Functional characterization of Helicoverpa armigera trehalase and investigation of physiological effects caused due to its inhibition by Validamycin A formulation

Abstract

Trehalase catalyzes hydrolysis of trehalose and plays a crucial role in insect metabolism. In the present study, phylogenetic analysis and multiple sequence alignment suggested that H. armigera trehalase-1 (HaTre-1) is closely related to other soluble trehalases with conserved signature features and functional sites. We have expressed and purified recombinant HaTre-1 having Vmax ~0.16mM/min and KM ~1.34mM. Inhibition kinetics and Microscale thermophoresis illustrated competitive inhibition of HaTre-1 by Validamycin A having Ki ~3nM and KD ~542nM, respectively. Docking studies of HaTre-1 with Validamycin A indicated that it binds at the active site with multiple hydrogen bonds.
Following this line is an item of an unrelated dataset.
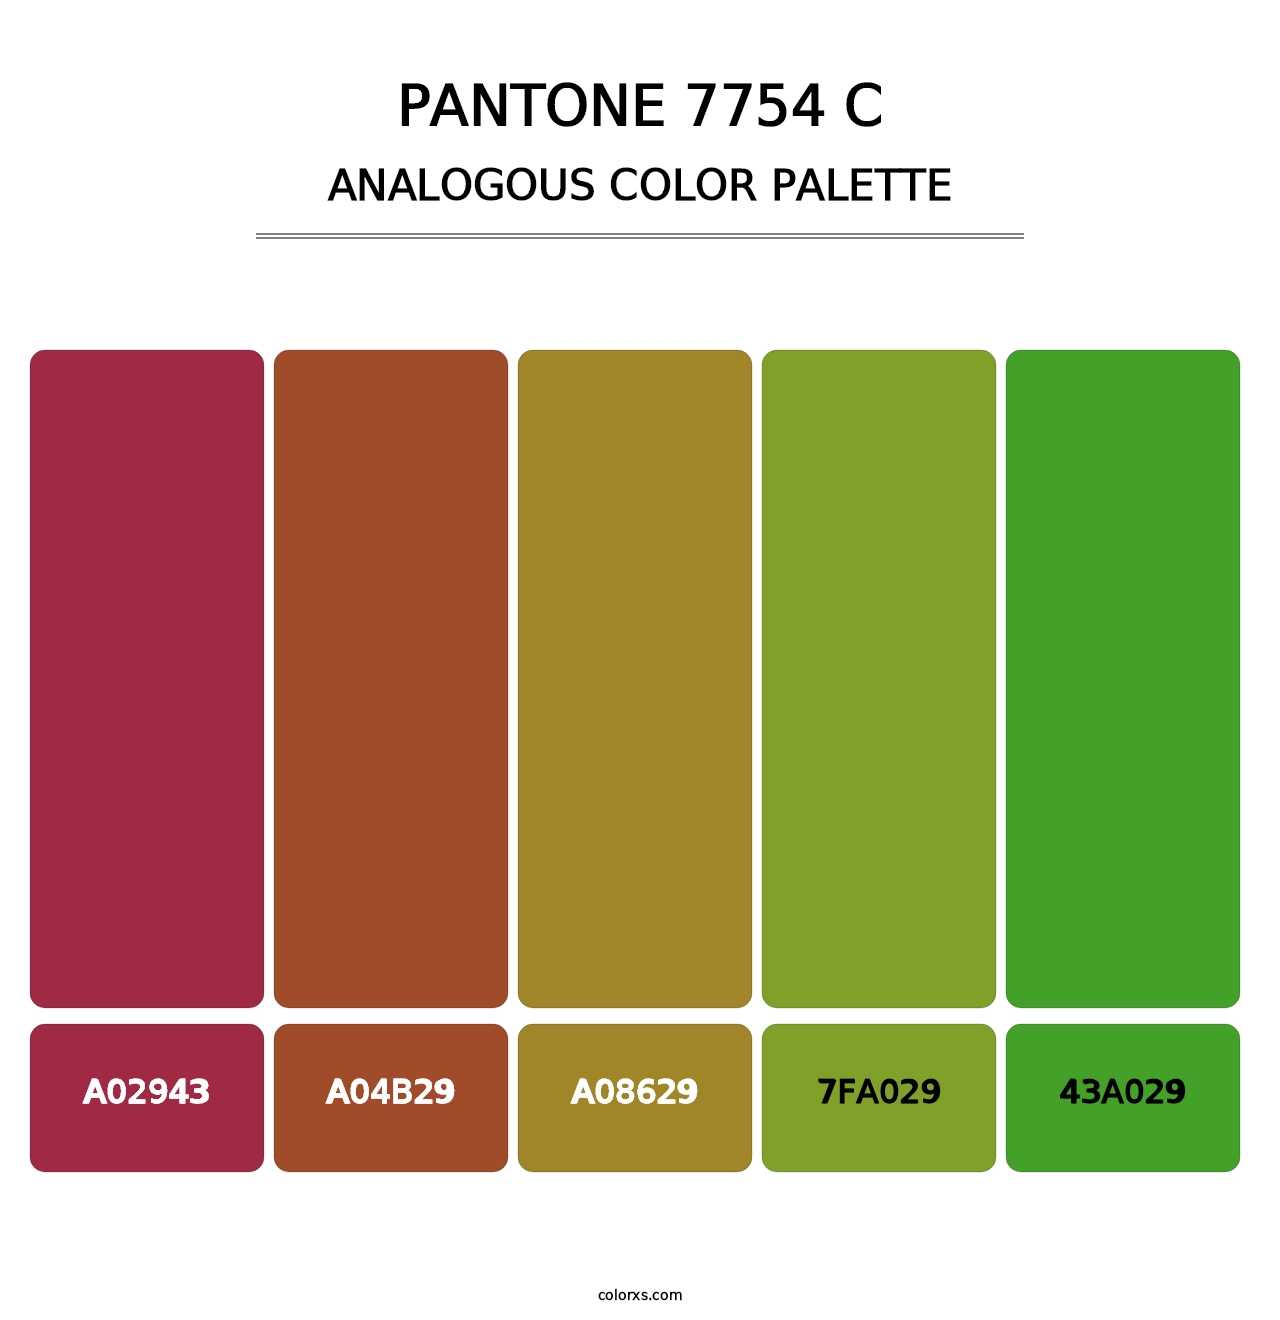 PANTONE 7754 C - Analogous Color Palette
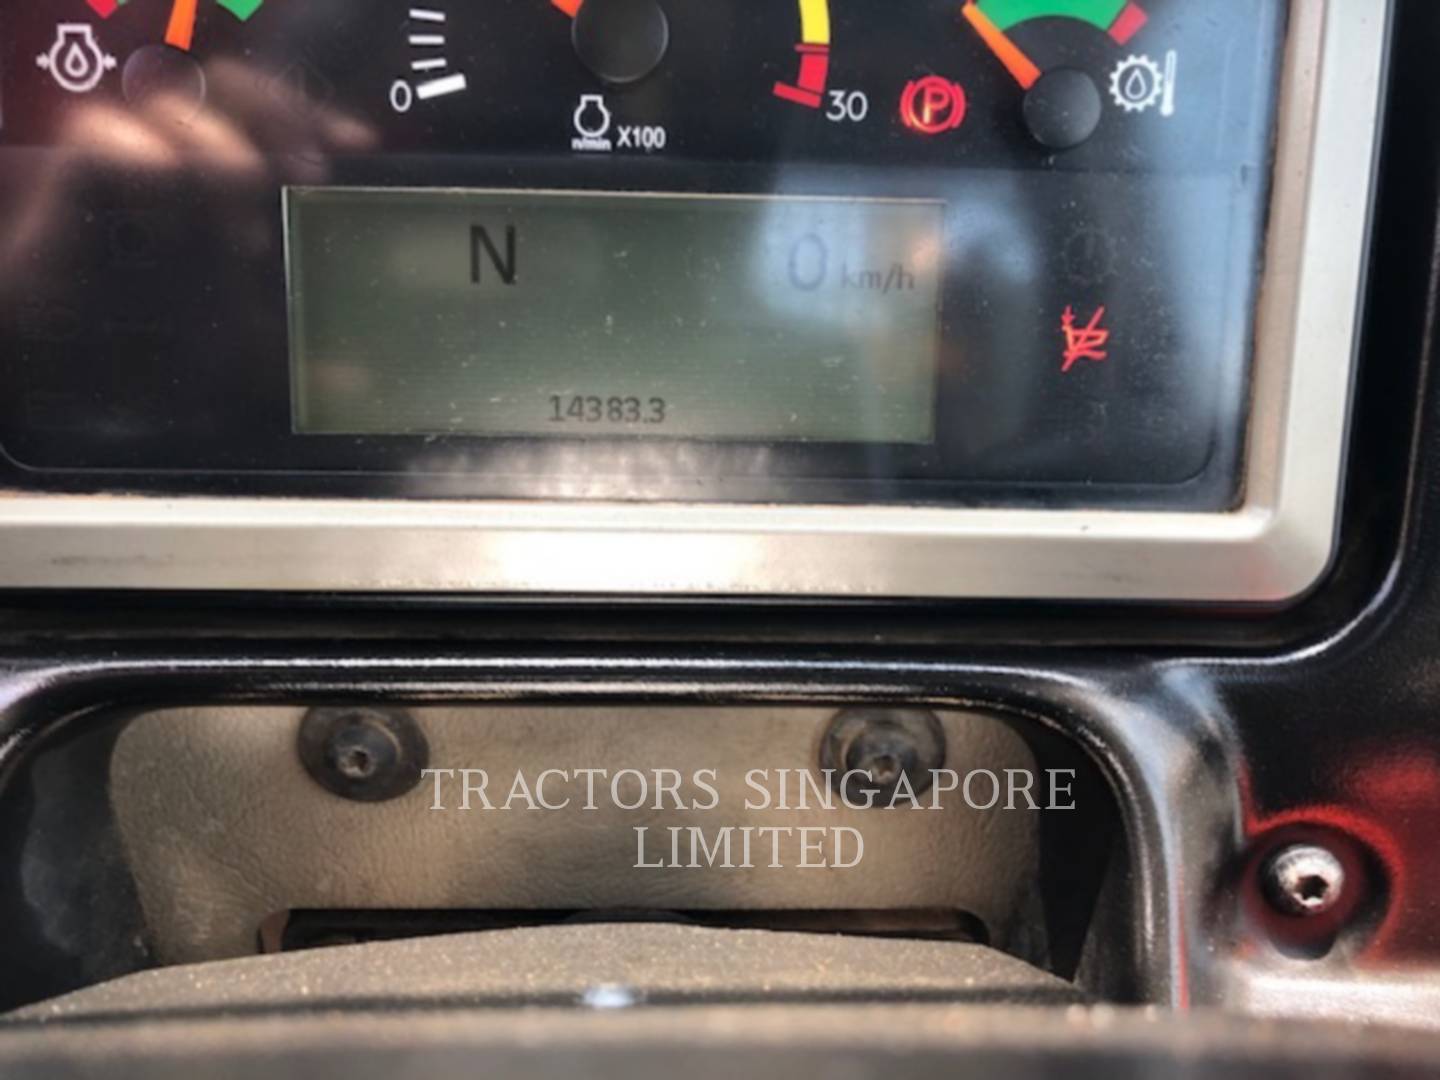 wtk?JHNyYz04NDlhOGJlNTY2ZjM1YjI1YjA5NDFkOGY3YTMxOTM1ZSYkdHh0PVRSQUNUT1JTJTIwU0lOR0FQT1JFJTIwTElNSVRFRCY0NjkyNw== 740B | Tractors Singapore

Ingestion of Validamycin A resulted in impediment of H. armigera growth and developmental defects. Treated larvae showed concentration dependent decrease in fecundity. It also led to total inhibition of ex-vivo trehalase activity and down-regulation of gene expression of HaTre-1. Relatively high insect mortality was observed on tomato plants sprayed with combination of Validamycin A with Azadirachta indica (neem) and Pongamia pinnata (karanj) oil as compared to the individual treatments. This report has re-emphasized trehalase inhibition as a potential insecticidal strategy and also recommends Validamycin A as a prospective value-added ingredient to commercial bio-pesticide formulations.